EXERCISE DESCRIPTION: Repeat the lines of the data exactly and exclude any picture among them.

MATERIAL PROVIDED:
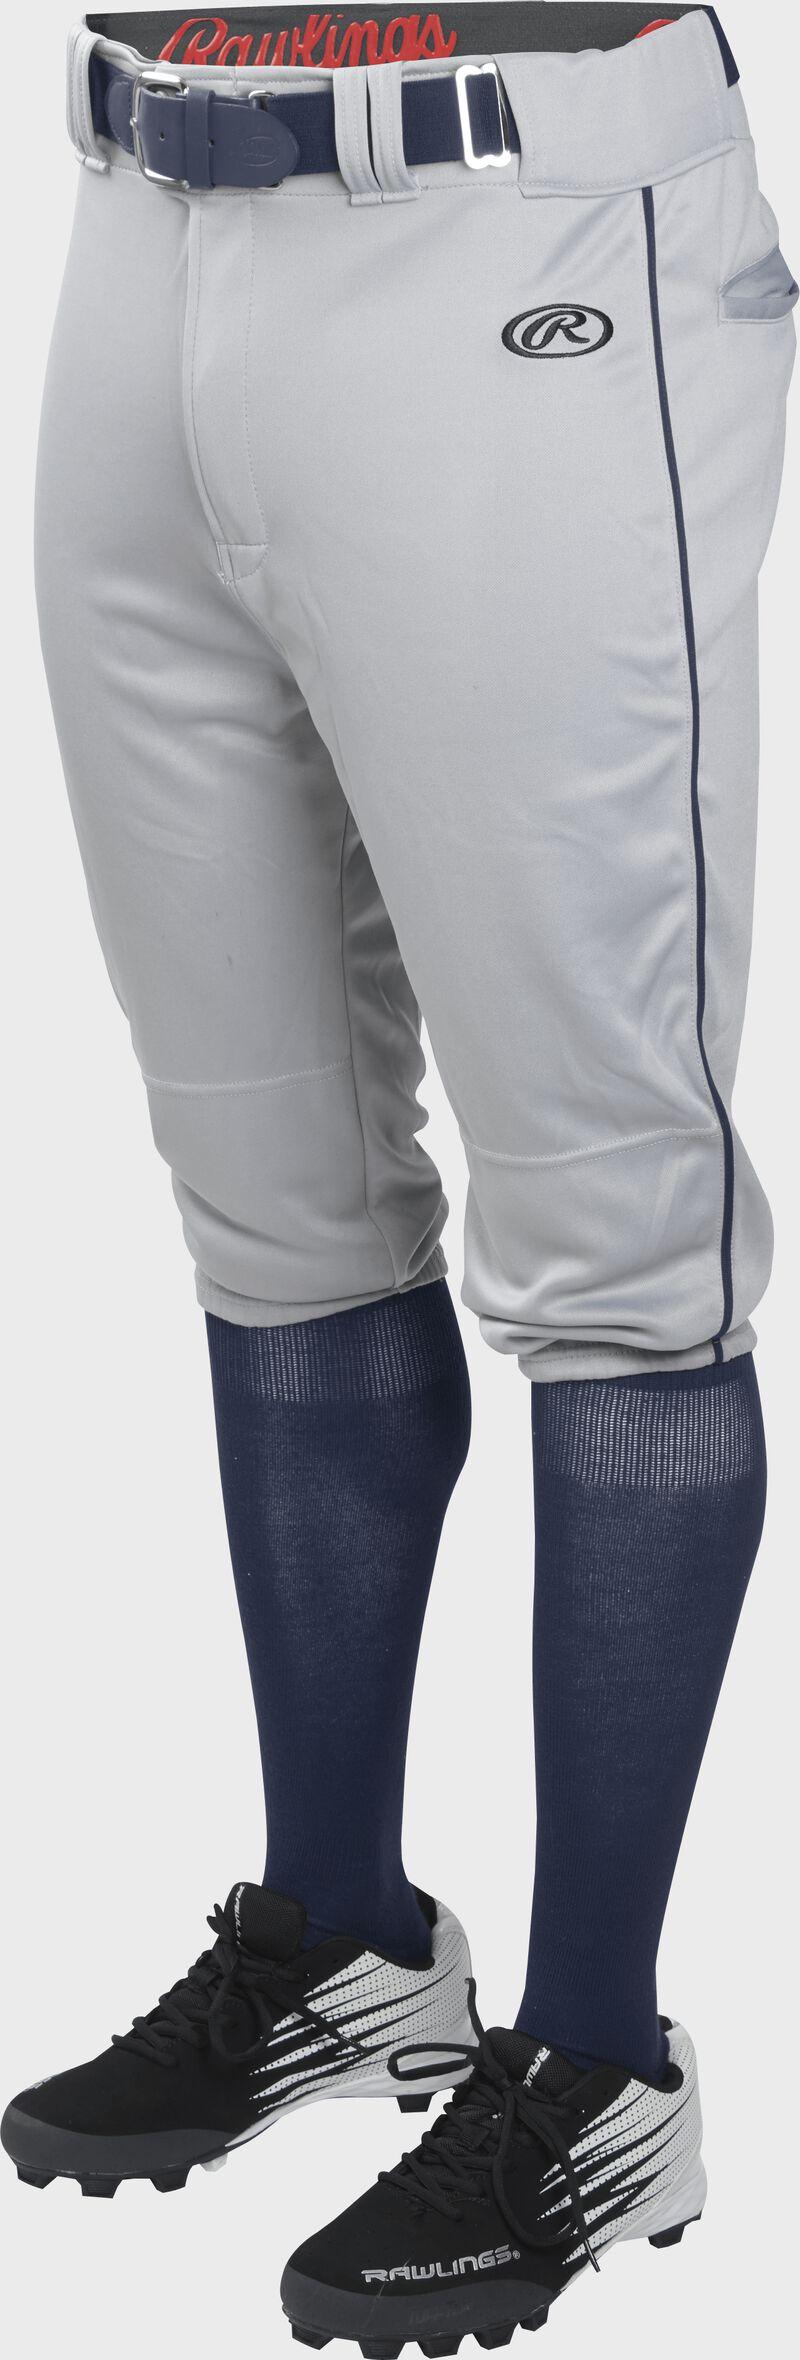 Front of Rawlings Blue Gray/Navy Adult Launch Piped Knicker Baseball Pant - SKU #LNCHKPP-BG/N
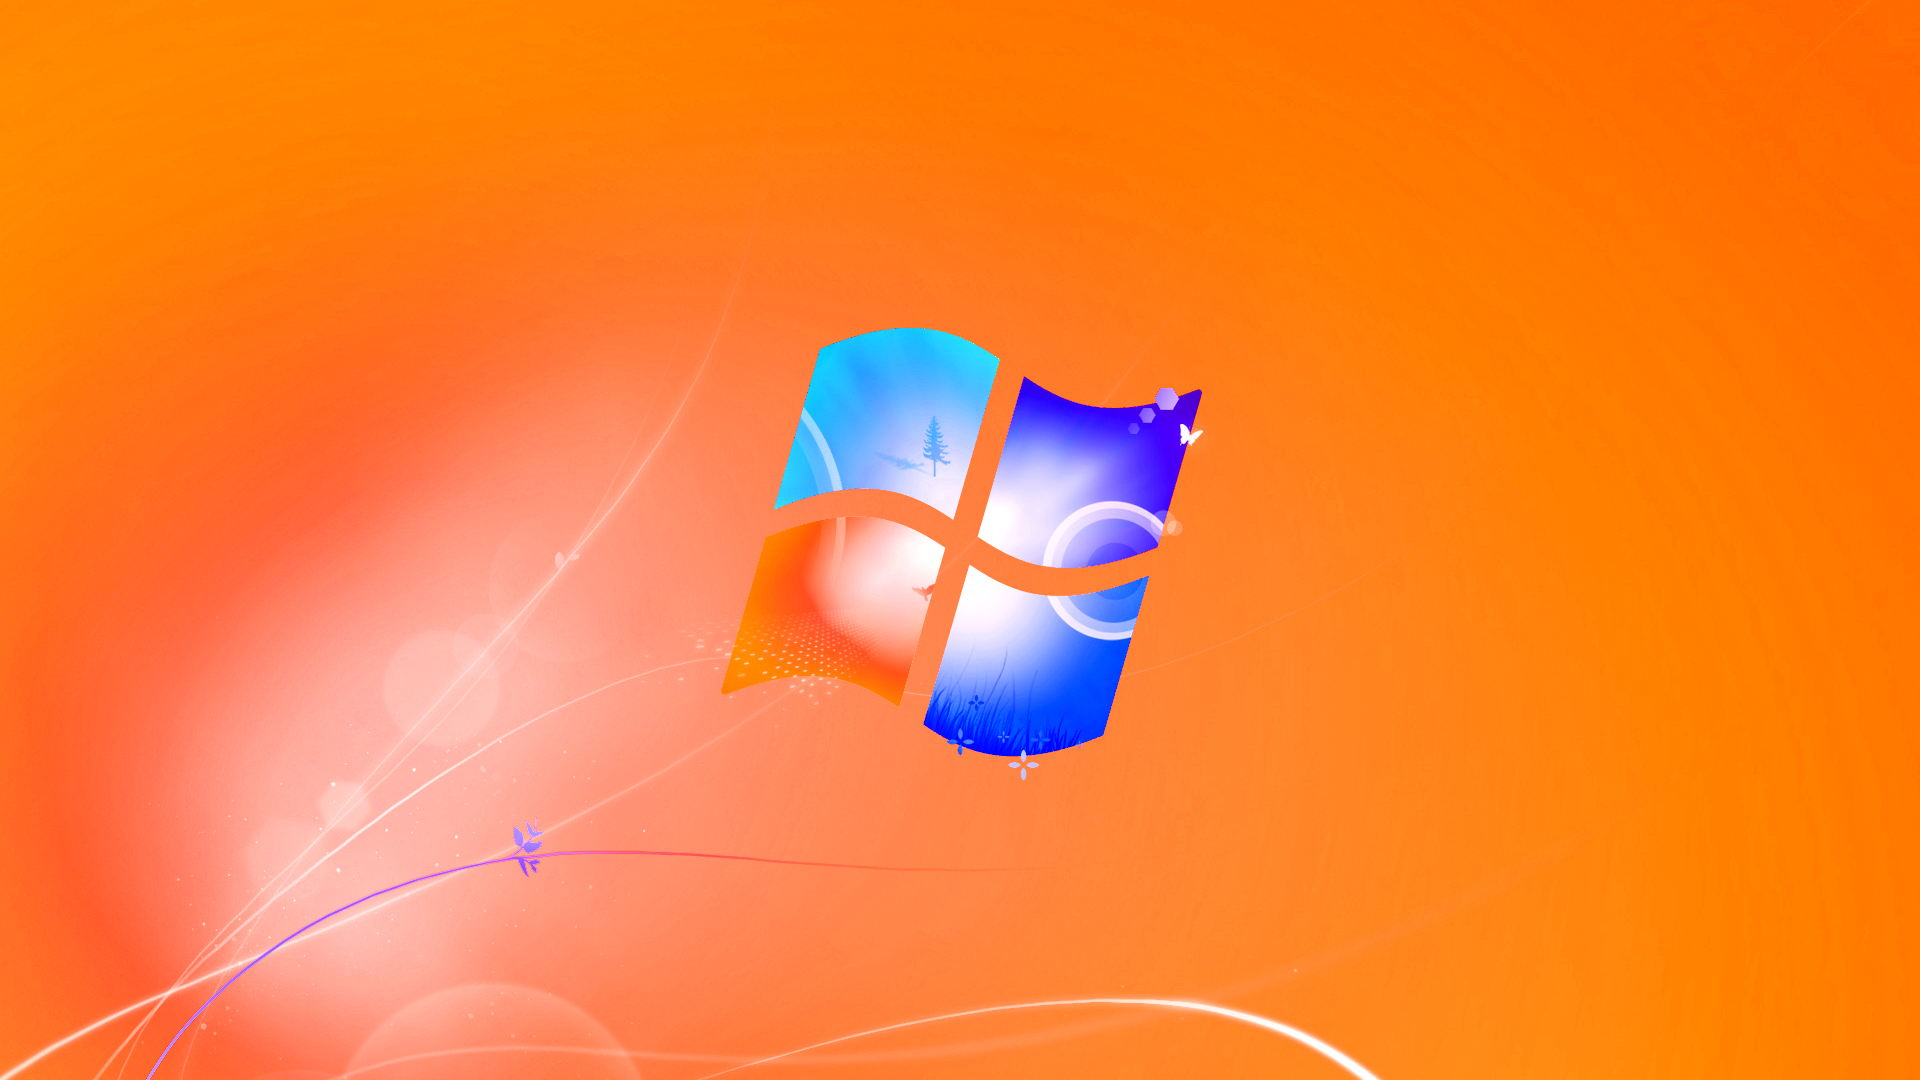 Download orange windows logo wallpaper HD wallpaper 1920x1080
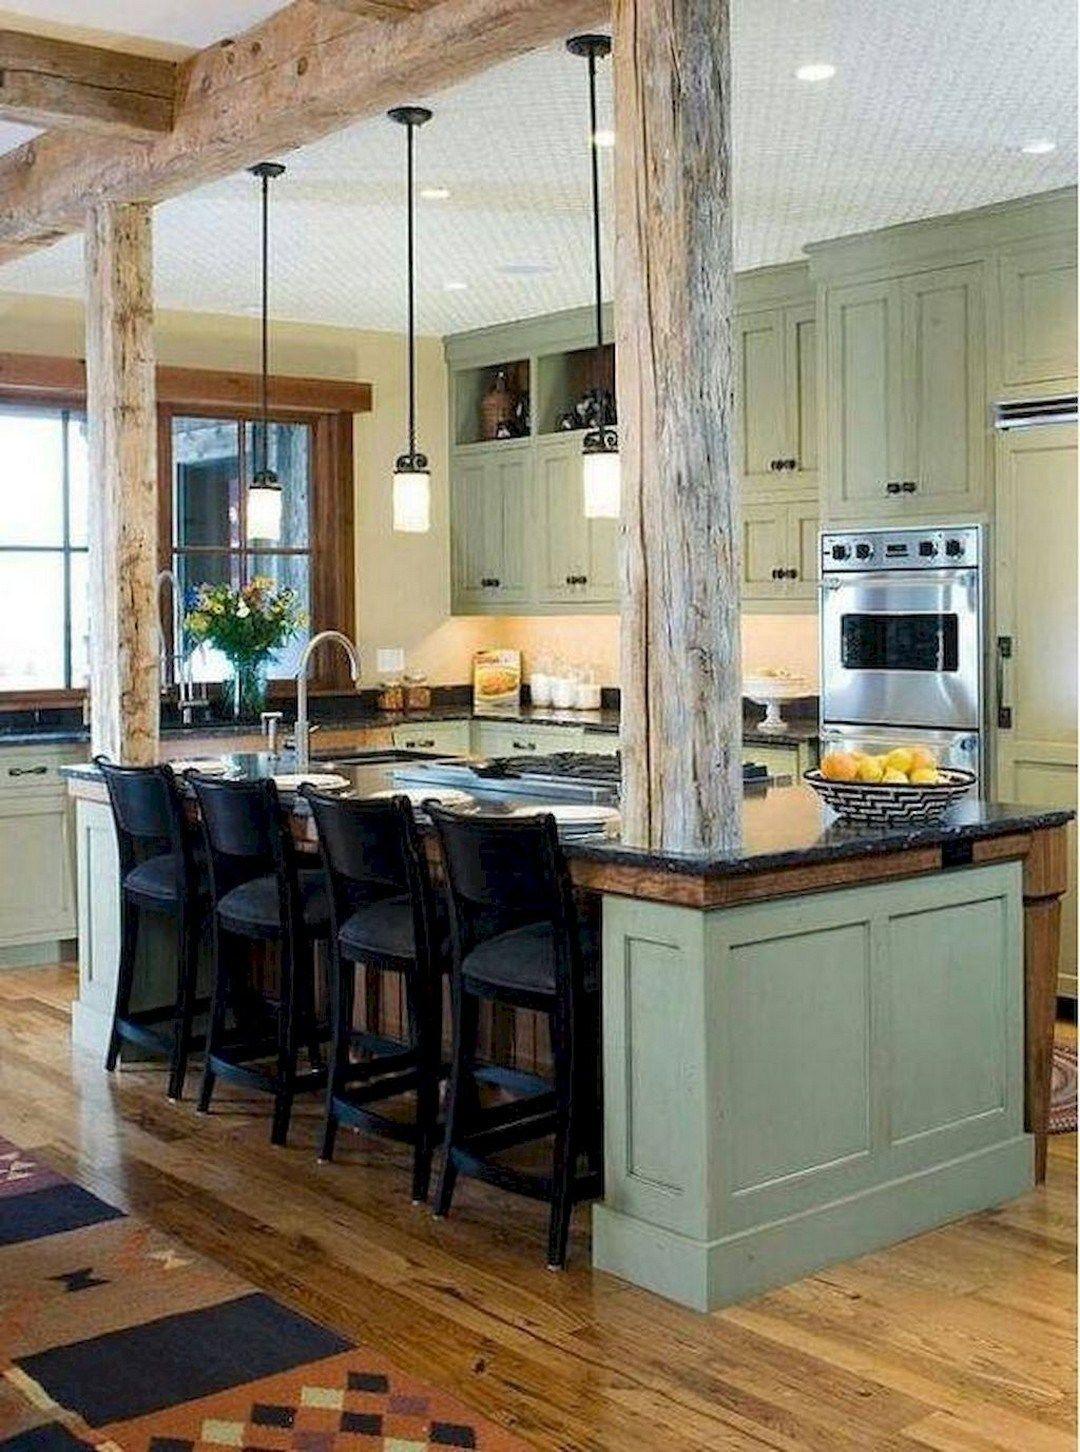 34 kitchen island ideas for inspiration on creating your own dream kitchen farmhouse room on kitchen island ideas diy id=29786

ANSWER BELOW:
 Front of Rawlings Blue Gray/Navy Adult Launch Piped Knicker Baseball Pant - SKU #LNCHKPP-BG/N
 Download orange windows logo wallpaper HD wallpaper 1920x1080
 34 kitchen island ideas for inspiration on creating your own dream kitchen farmhouse room on kitchen island ideas diy id=29786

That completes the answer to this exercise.